Page speed is the time it takes for content to fully be displayed for a particular web page.  It can also mean how long it takes for your browser to receive the first byte of info from the actual web server.  In any case, how fast your page loads is now one of the many key ranking factors in Google’s algorithm.

If it takes Google too long for its spiders to crawl your pages, it can negatively affect how your site is indexed.  This also applies to the general user experience.  A user doesn’t want to sit and wait for your site to load so they will leave your page which not only affects your conversions but your overall indexing as well.  Remember, Google is constantly watching how users interact with sites so if they see people consistently leaving your page after short amounts of time, they will deem you less valuable and decrease your ranking potential.

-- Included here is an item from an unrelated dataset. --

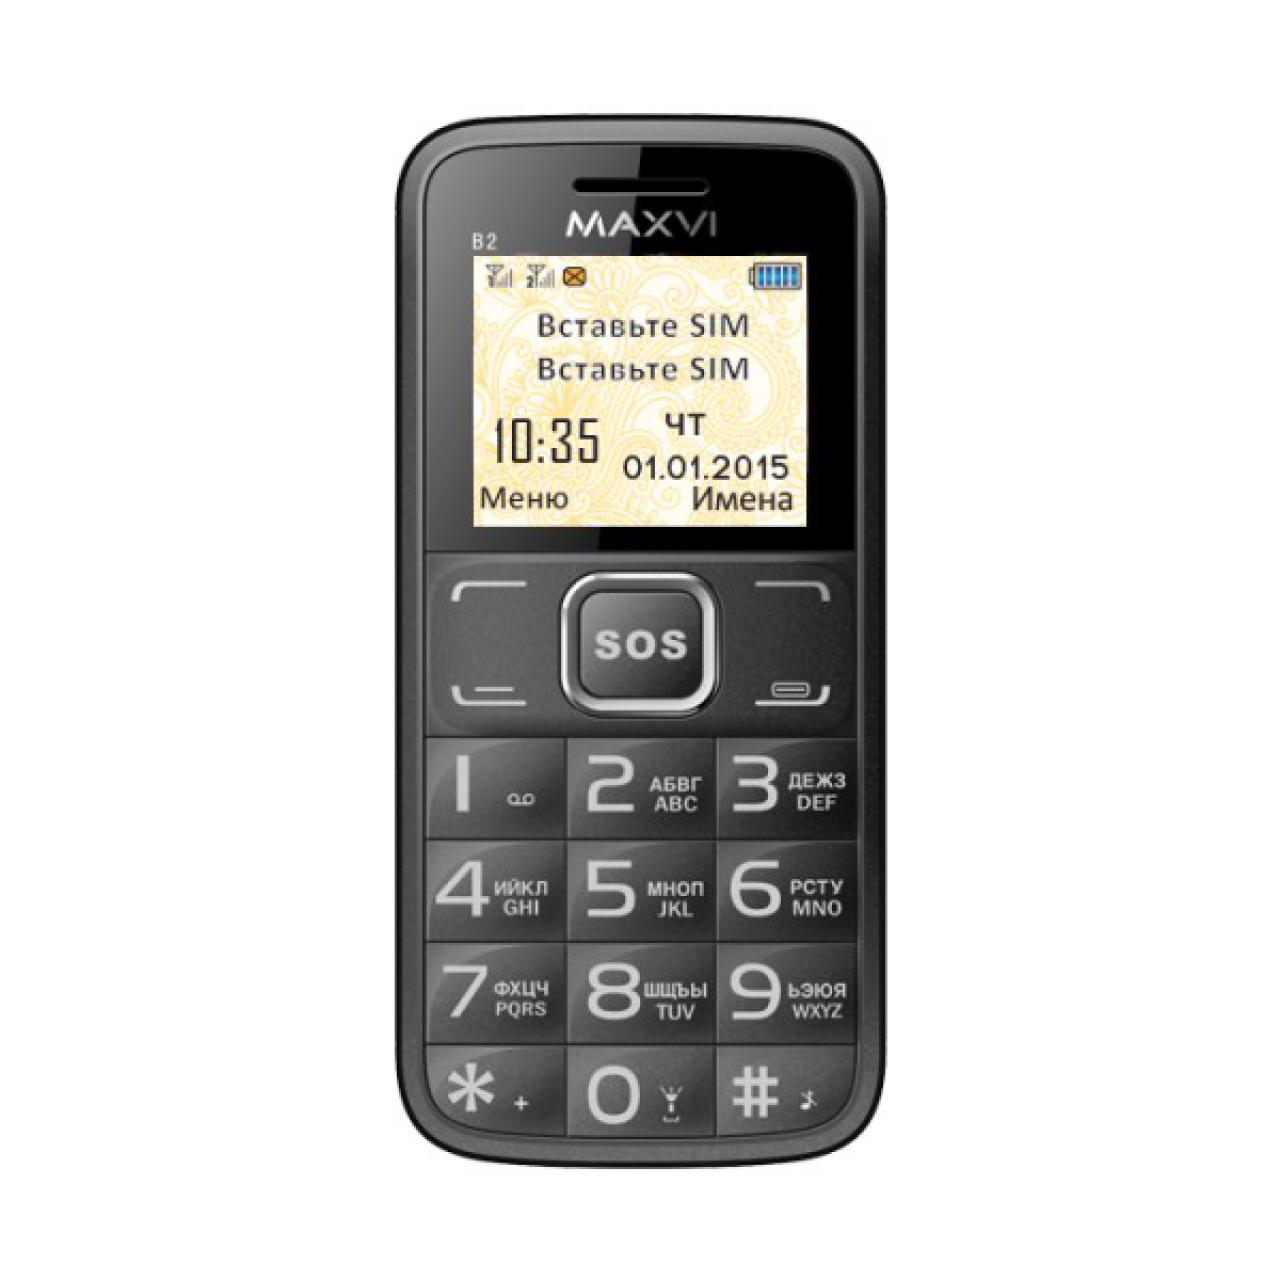 Простые телефоны магазинов. Мобильный телефон Maxvi b2 Black. Мобильный телефон Maxvi b2 coffe. Maxvi b2 Coffee (2 SIM). Maxvi b2 Grey.

How To Increase My Page Speed

  • Optimize Images – Make sure your images are in the right file format and aren’t too large for your site.  If images aren’t compressed, they are too heavy for sites to load.  PNG is great for graphics with less than 16 colors, such as logos, while JPEG format is great for photographs.
  • Compression – Compress your files that are larger than 150 bytes.  CSS, HTML and JavaScript can all be compressed using most software but images should only be compressed in programs such as Photoshop.
  • Server Response Time – Pay attention to what software you are using, limitations with your hosting agent, etc.  Slow database searches or routing and a lack of memory can greatly affect your page speed.  If you pay for a cheap hosting agent, you will eventually run into such issues.
  • Code Talk – Clean up your HTML, CSS and JavaScript codes by removing spaces, commas, unused code, comments, formatting, etc.  It shouldn’t be too dense or messy.
  • Limited Redirect – Try to limit the amount of redirects you use.  Remember that every time a redirect (or several) are in place, that is just more time the user has to wait to be taken to the content.
  • Videos – Try hosting videos on your own server because embedding them from external sources can drag on load time.
  • True Optimization – All browsers do not load your site the same way so check how your site looks on Chrome, FireFox, Safari, Explorer, etc.  Flash, widgets like social share buttons and other apps might slow down your site as well.  Highly designed, or complex, themes with a slew of effects can drag down your load time as well.
  • Caching – Browsers cache information, such as images or files, so that when a visitor returns to the page, it doesn’t have to reload the entire page.  Use tools or extensions to extend your cache expiration date to one year.
  • Ads – Sometimes having too many ads on your page can bog down the load time.  It is also a visual deterrent for the overall user experience.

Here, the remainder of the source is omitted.